Even experienced lifters make these errors with lifting straps:

Wrapping too loosely. The most common mistake. If the tail only goes around the bar once or the wrap has any slack, the strap will slip as the weight increases. Two solid rotations, tight against the bar, no daylight between the strap and the knurl.

Positioning the wrist loop too high. The loop should sit just above your wrist bones, not halfway up your forearm. If it's too high, you lose mechanical advantage and the strap pulls awkwardly through the movement.

Using straps on every set. If you never train without straps, your bare grip stagnates. Warm-ups and lighter sets should always be done without straps. Reserve them for when you actually need them.

Buying cheap straps and expecting them to hold. A $5 strap with single stitching will fail at some point. Usually at the worst possible time. Quality hardware is cheap insurance on a heavy set.

Lifting Straps vs Wrist Wraps: Not the Same Thing

A quick distinction because this confusion comes up constantly. Lifting straps and wrist wraps are two different tools for two different jobs.

Lifting straps attach you to the bar and take grip out of the limiting equation. Wrist wraps brace your wrist joint for pressing movements like bench press, overhead press, and heavy dumbbell work.

You'd use lifting straps on a deadlift. You'd use wrist wraps on an overhead press. For a barbell row, you might use both — straps for grip, wraps if your wrists need support at that load.

Building Grip Strength While Still Using Straps

There's a common concern that lifting straps will weaken your grip over time. This is only true if you stop training your bare grip entirely. If you're doing warm-up sets without straps, doing dead hangs, farmers carries, or grip-specific accessory work, your grip will keep developing alongside your pulling strength.

The goal is to be strong without straps and stronger with them.
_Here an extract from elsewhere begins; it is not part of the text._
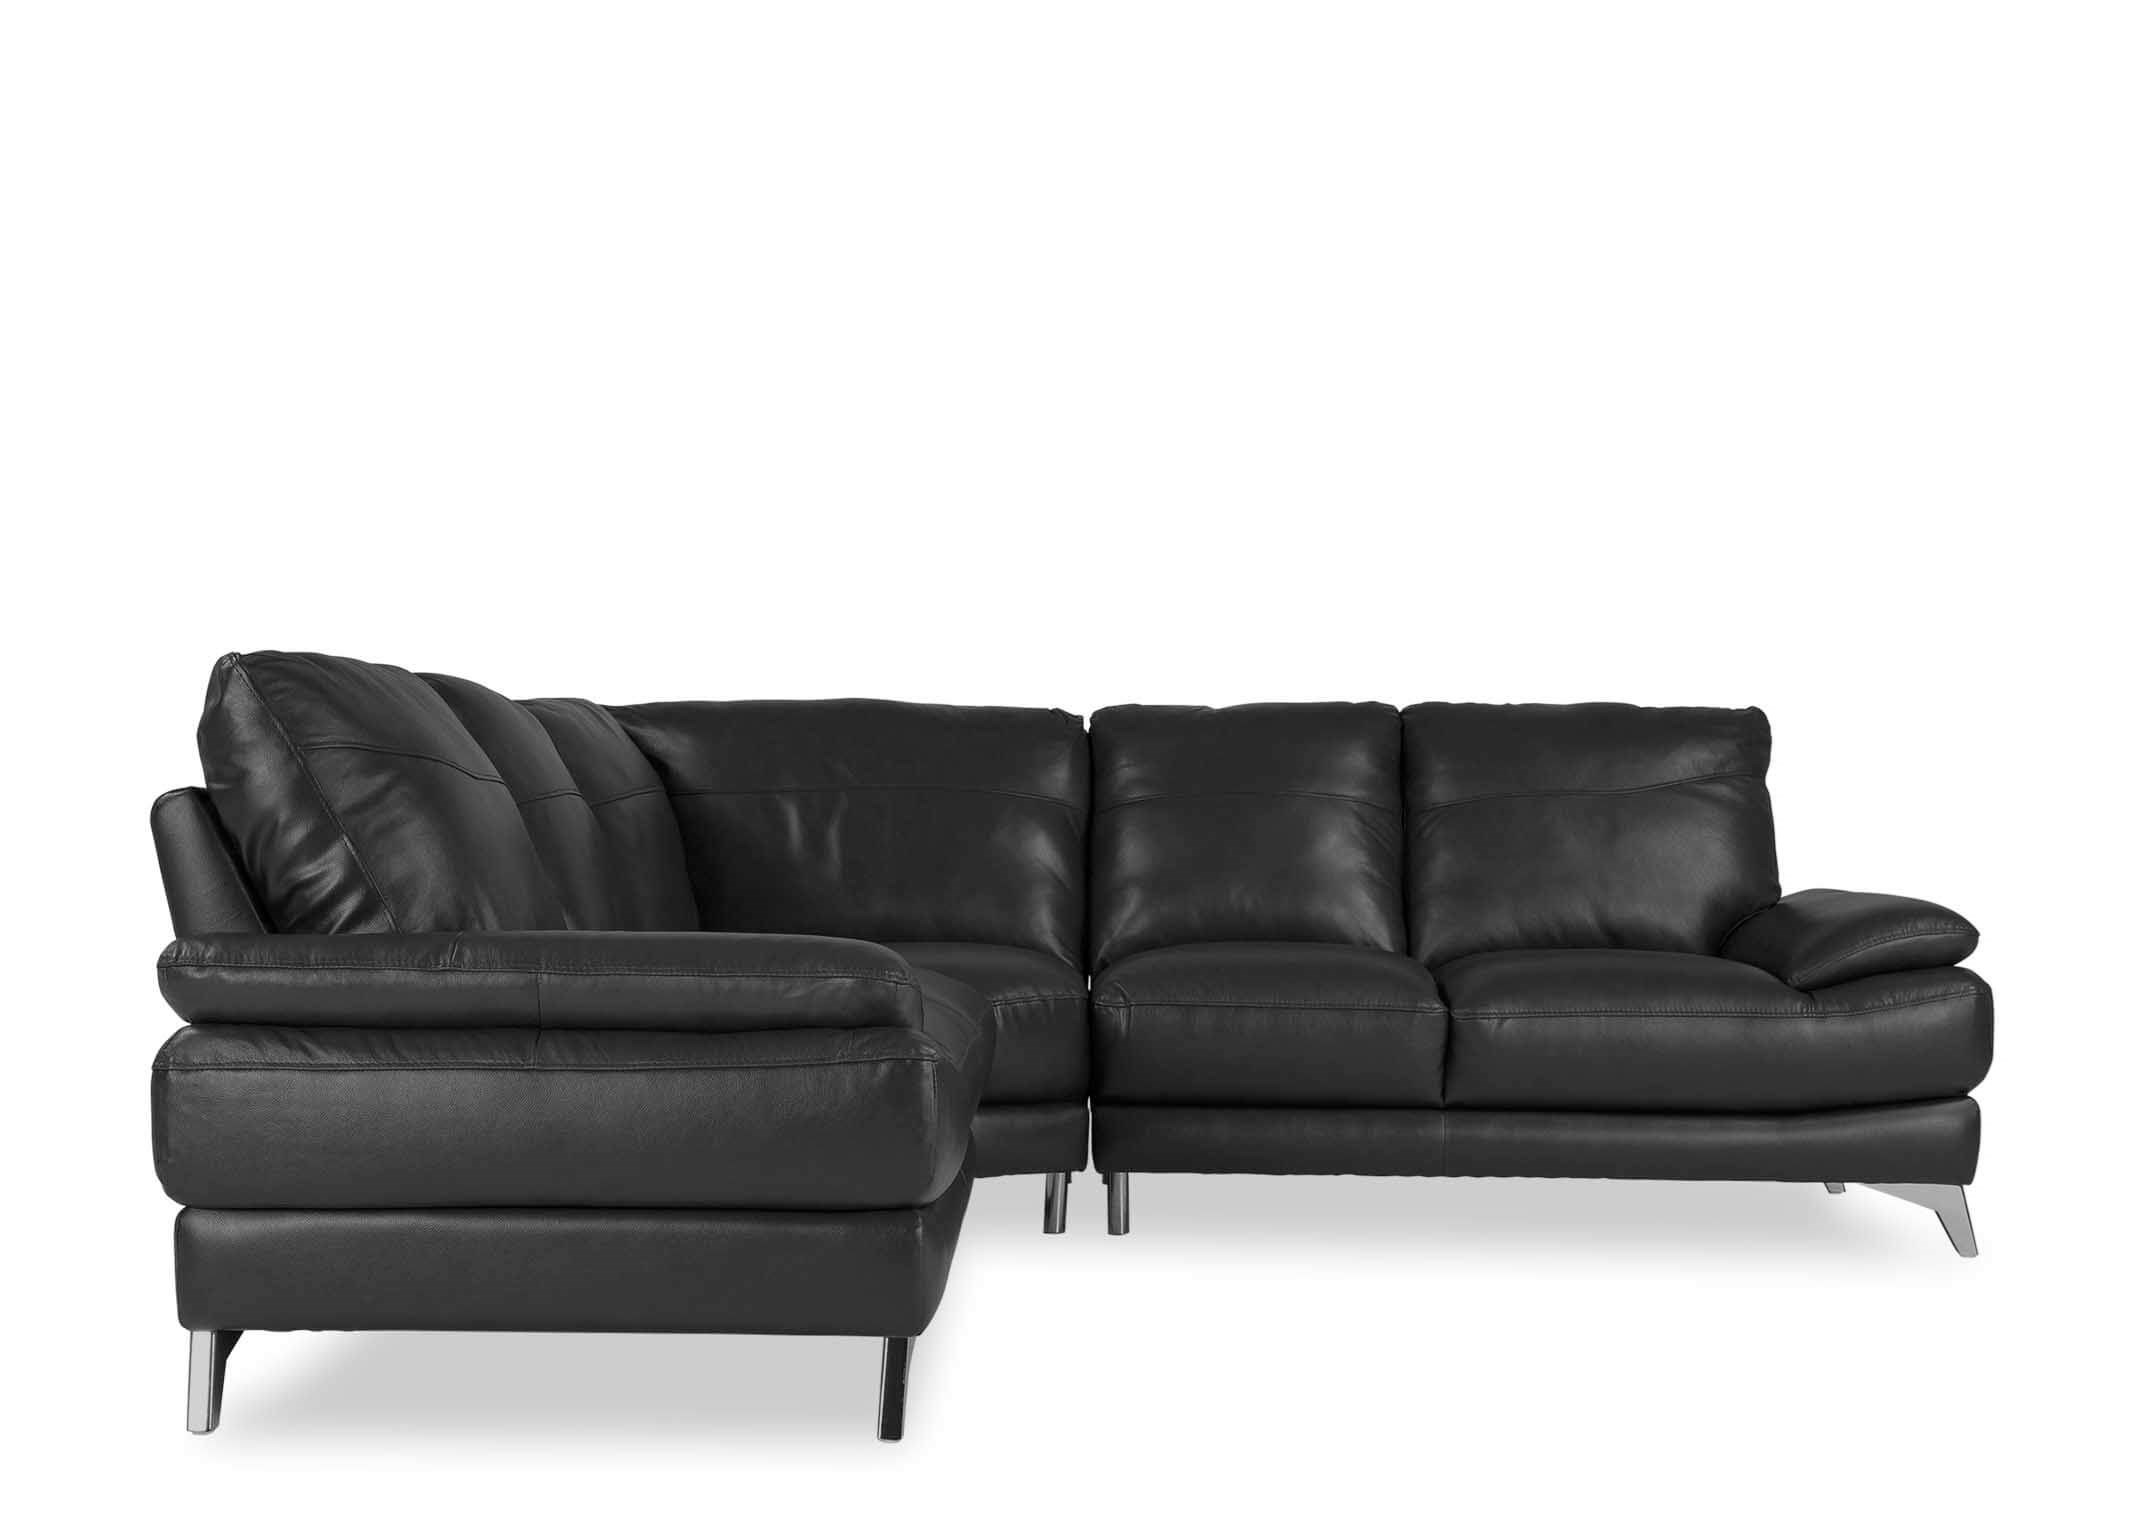 Leather Corner Sofa Ez Living Furniture

Not dependent on straps for every weight you touch.

A practical setup: do your first two working sets without straps. If you hit your rep target, great. If grip fails first, strap up for the remaining sets and hit the target. Over time, the no-strap threshold rises as your grip gets stronger.
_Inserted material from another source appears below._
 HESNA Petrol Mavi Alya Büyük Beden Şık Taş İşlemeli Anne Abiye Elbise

Pairing Straps With Other Pulling Accessories

Lifting straps work well in combination with other gear depending on the movement:

  • Deadlifts: Straps + lifting belt for max-effort sets. Know when to put them on — heavy sets only, not warm-ups.
  • Heavy rows: Straps alone are usually enough. Belt optional depending on load.
  • Shrugs and rack pulls: Straps are almost always needed here because the loads tend to far exceed what bare grip can handle for meaningful sets and reps.
  • Dumbbell rows: Straps help on working sets but aren't always necessary at moderate weights. Use your judgment based on where grip fatigues relative to your lats.

If you want the full Battle Bunker pulling setup, the Strength Bundle pairs lifting straps with wrist wraps and a hybrid lifting belt — everything you need for heavy pull sessions without the markup of buying each piece separately.

The Bottom Line on Lifting Straps

Lifting straps are not a shortcut. They're a tool that removes one variable from your heavy pulling sessions — grip failure — so you can train the muscles you're actually targeting at the weights that challenge them. Used correctly, they let you accumulate more training volume on deadlifts, rows, and accessory pulls without your hands quitting before your back does.

Pick lasso straps for versatility. Learn to wrap them correctly. Use them on heavy working sets. Keep training your bare grip on everything else. That's the full picture.